┌─ Provided data

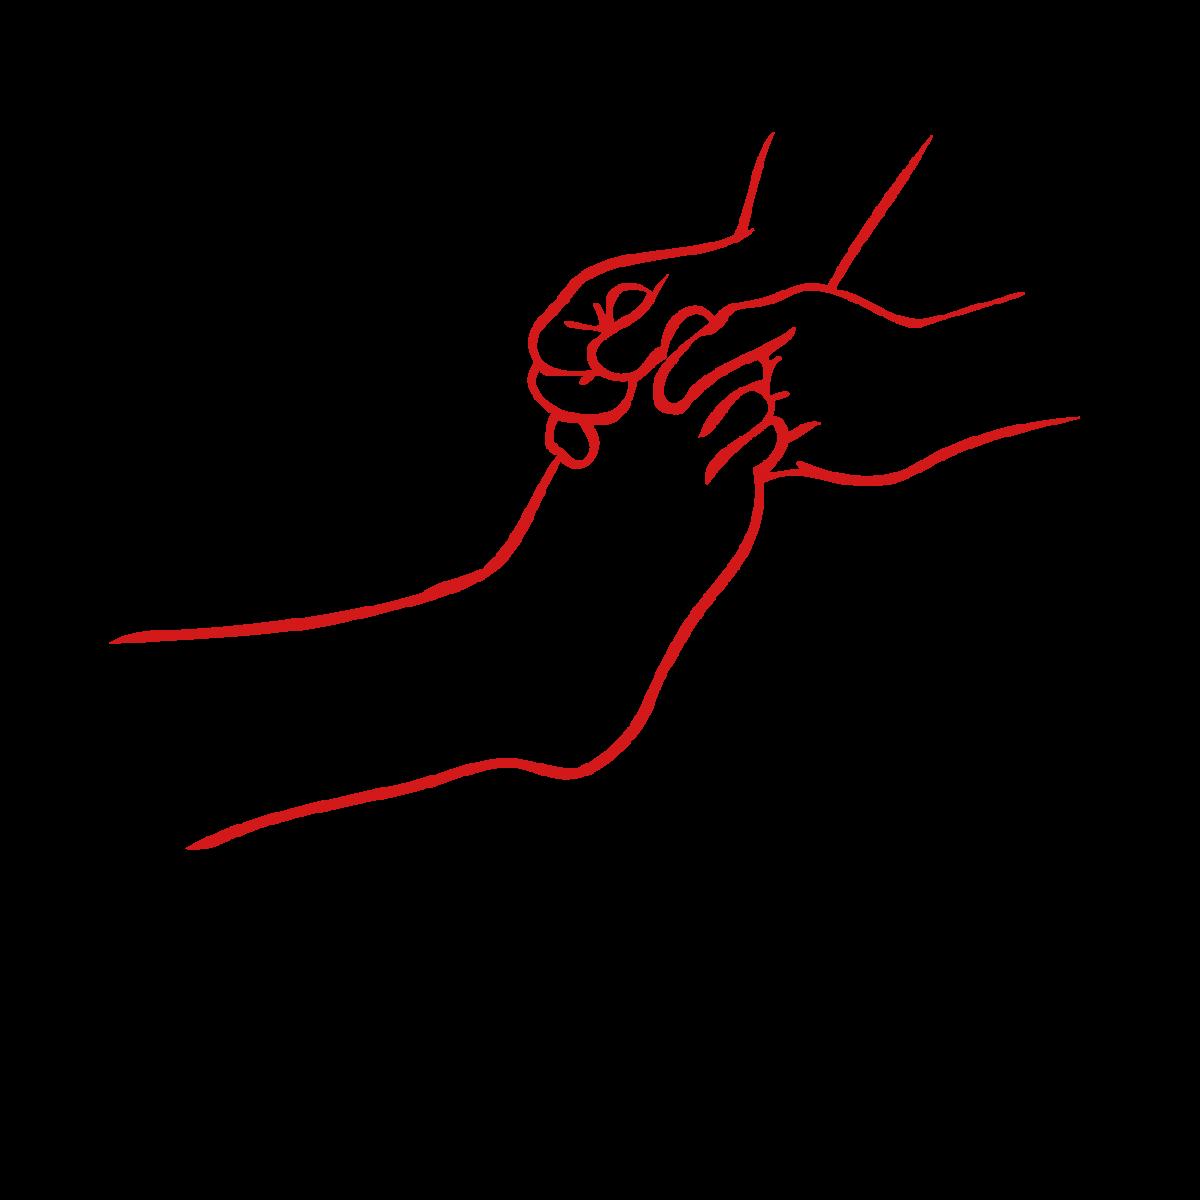 massages clipart foot rub
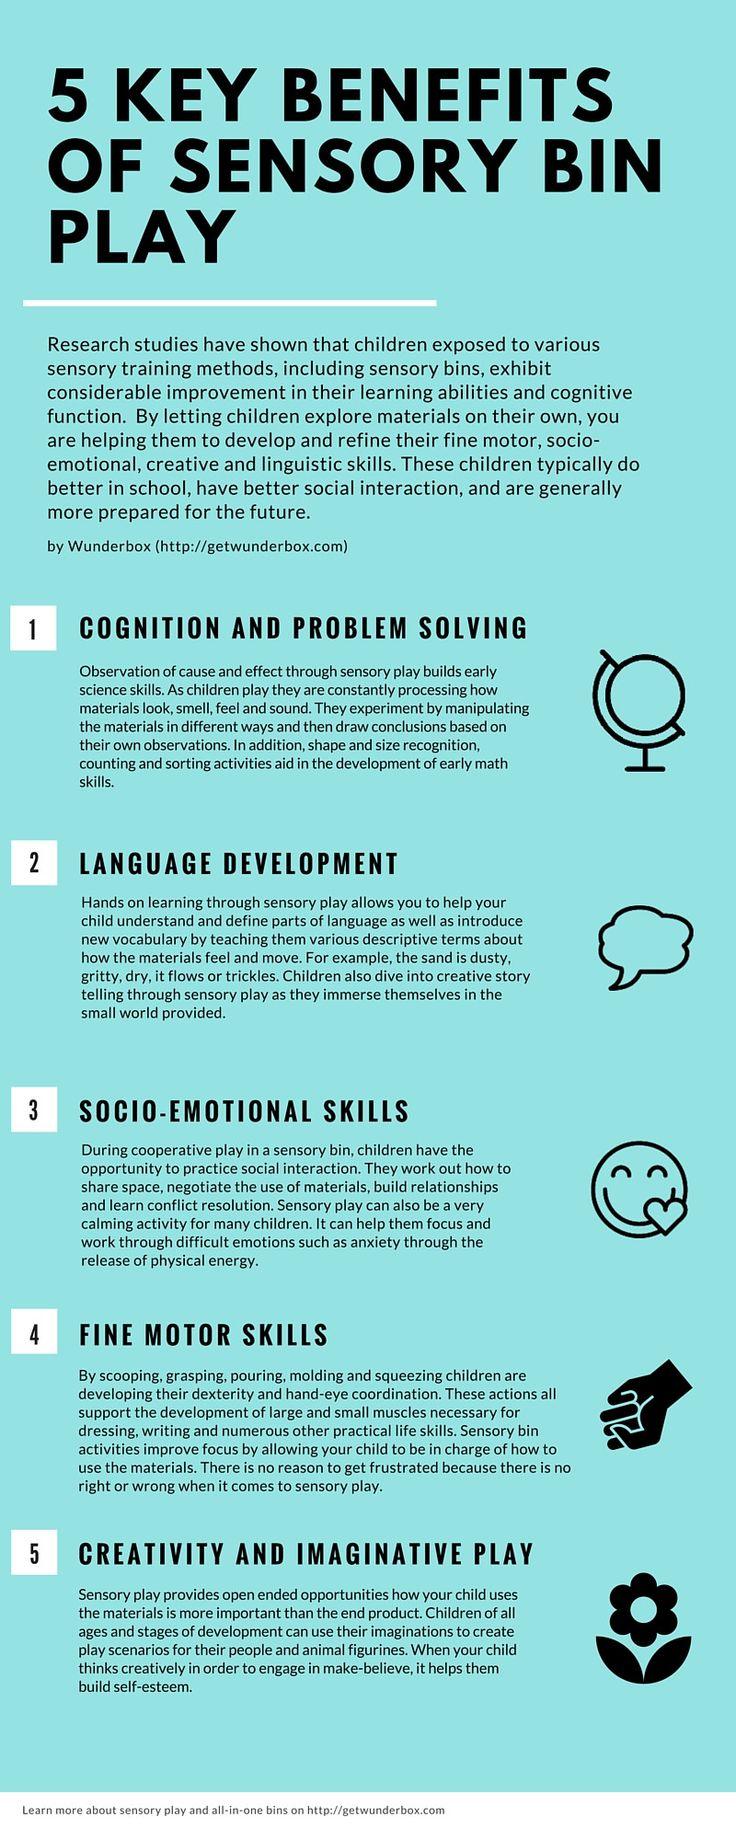 5 Key Benefits of Sensory Bin Play - Infographic
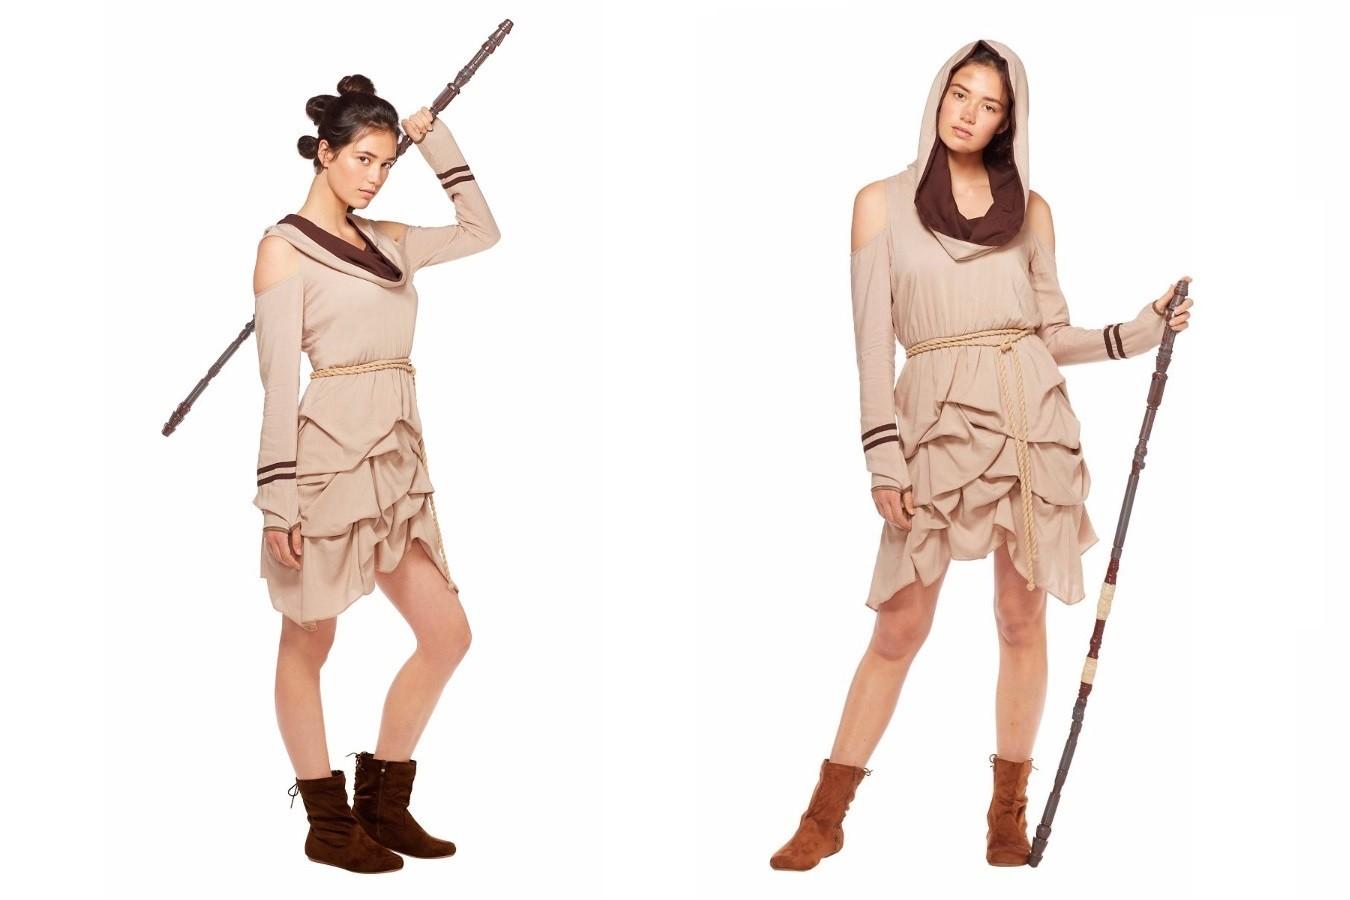 Rey inspired dress at Spirit Halloween
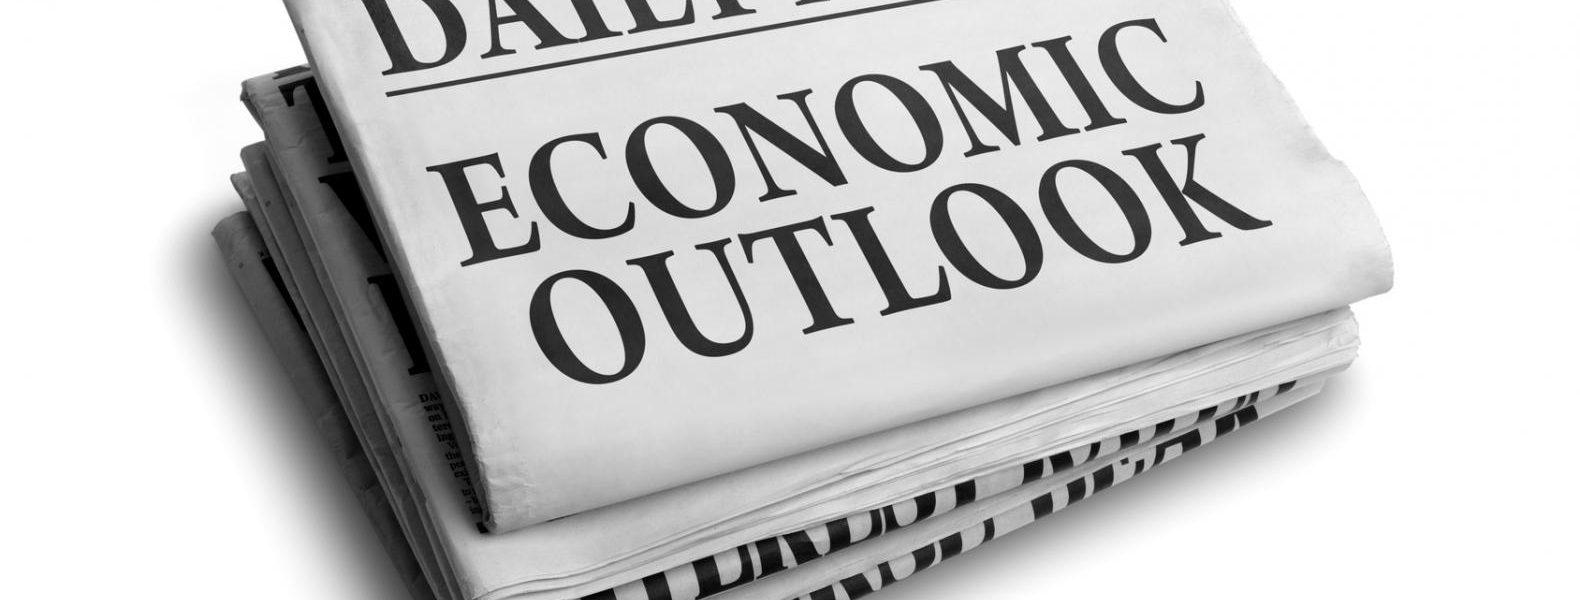 17 Companies Issued Profit Warnings in 2019 Alone - Kenyan ...
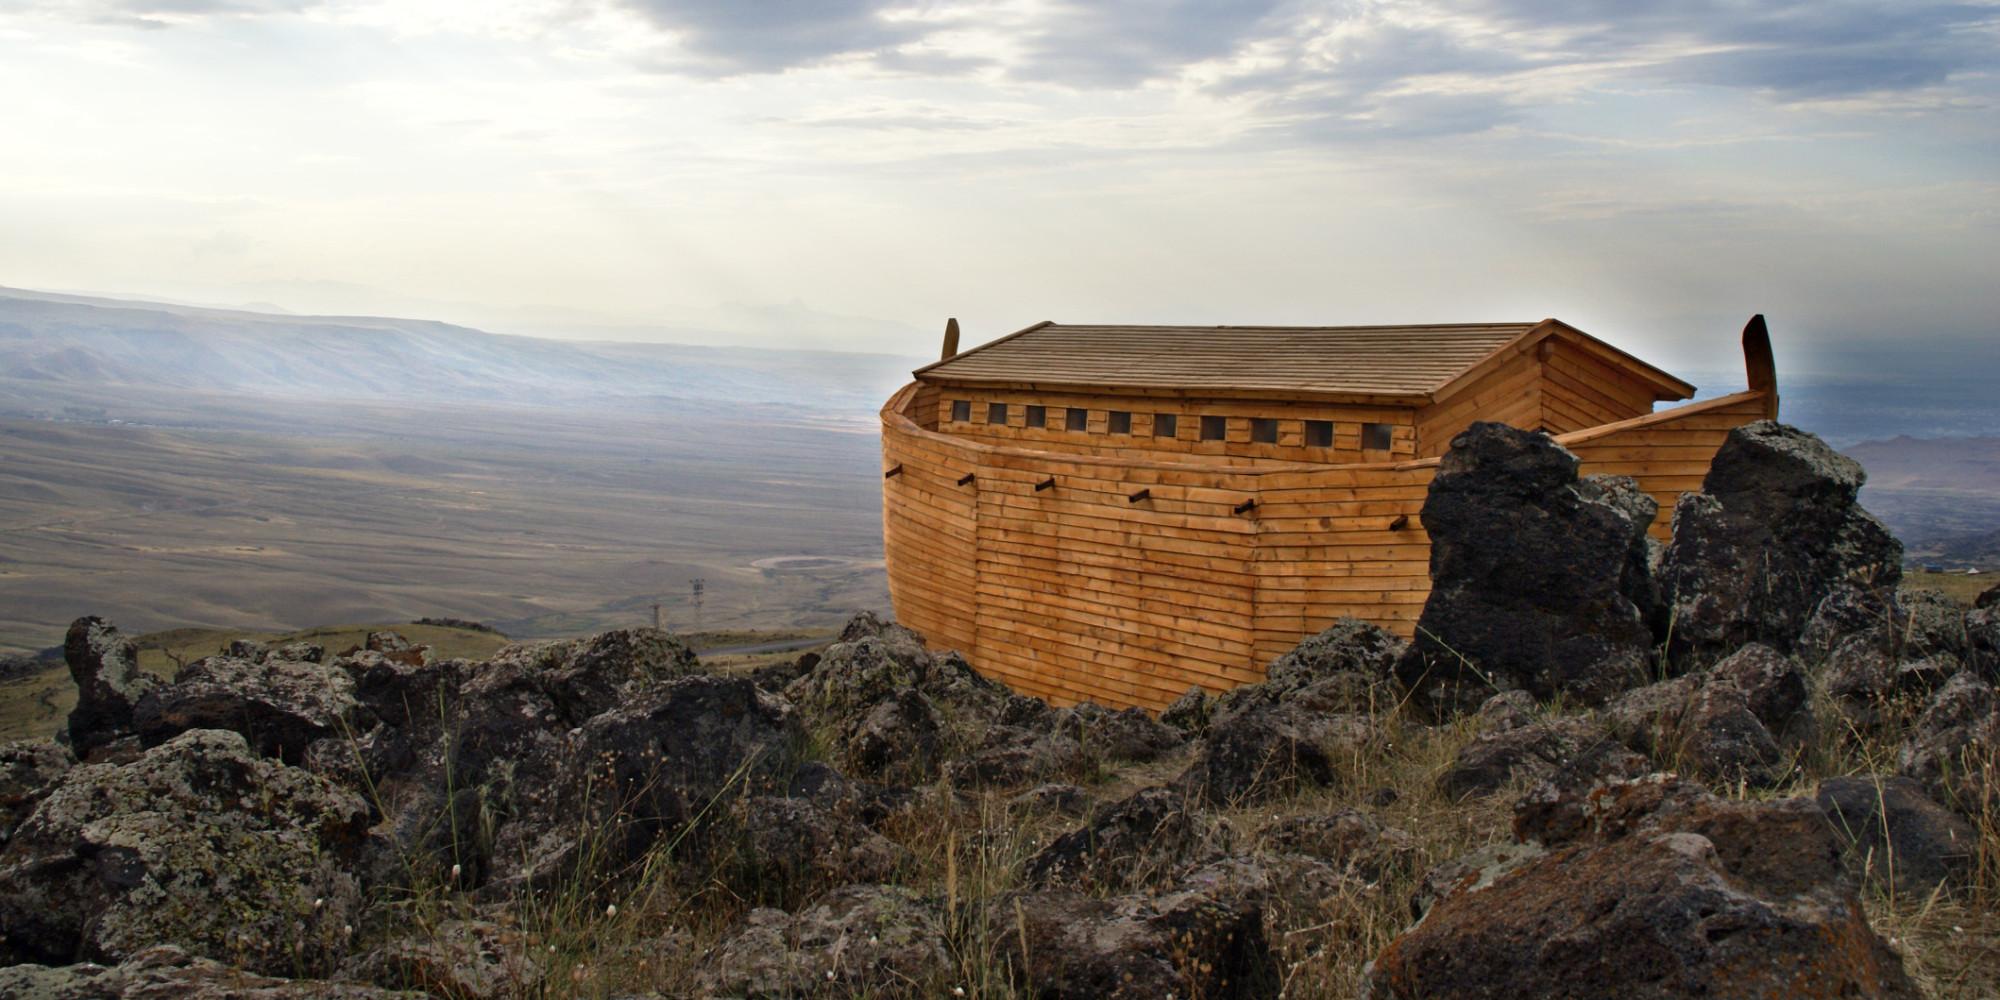 Noah S Ark To Be Built As Part Of Biblical Theme Park Near

└─

Begin the copy at the line containing "Rey inspired dress at Spirit Halloween" and end it at the final line of the material above, reproducing each line exactly and omitting pictures.

 Rey inspired dress at Spirit Halloween
 17 Companies Issued Profit Warnings in 2019 Alone - Kenyan ...
 Noah S Ark To Be Built As Part Of Biblical Theme Park Near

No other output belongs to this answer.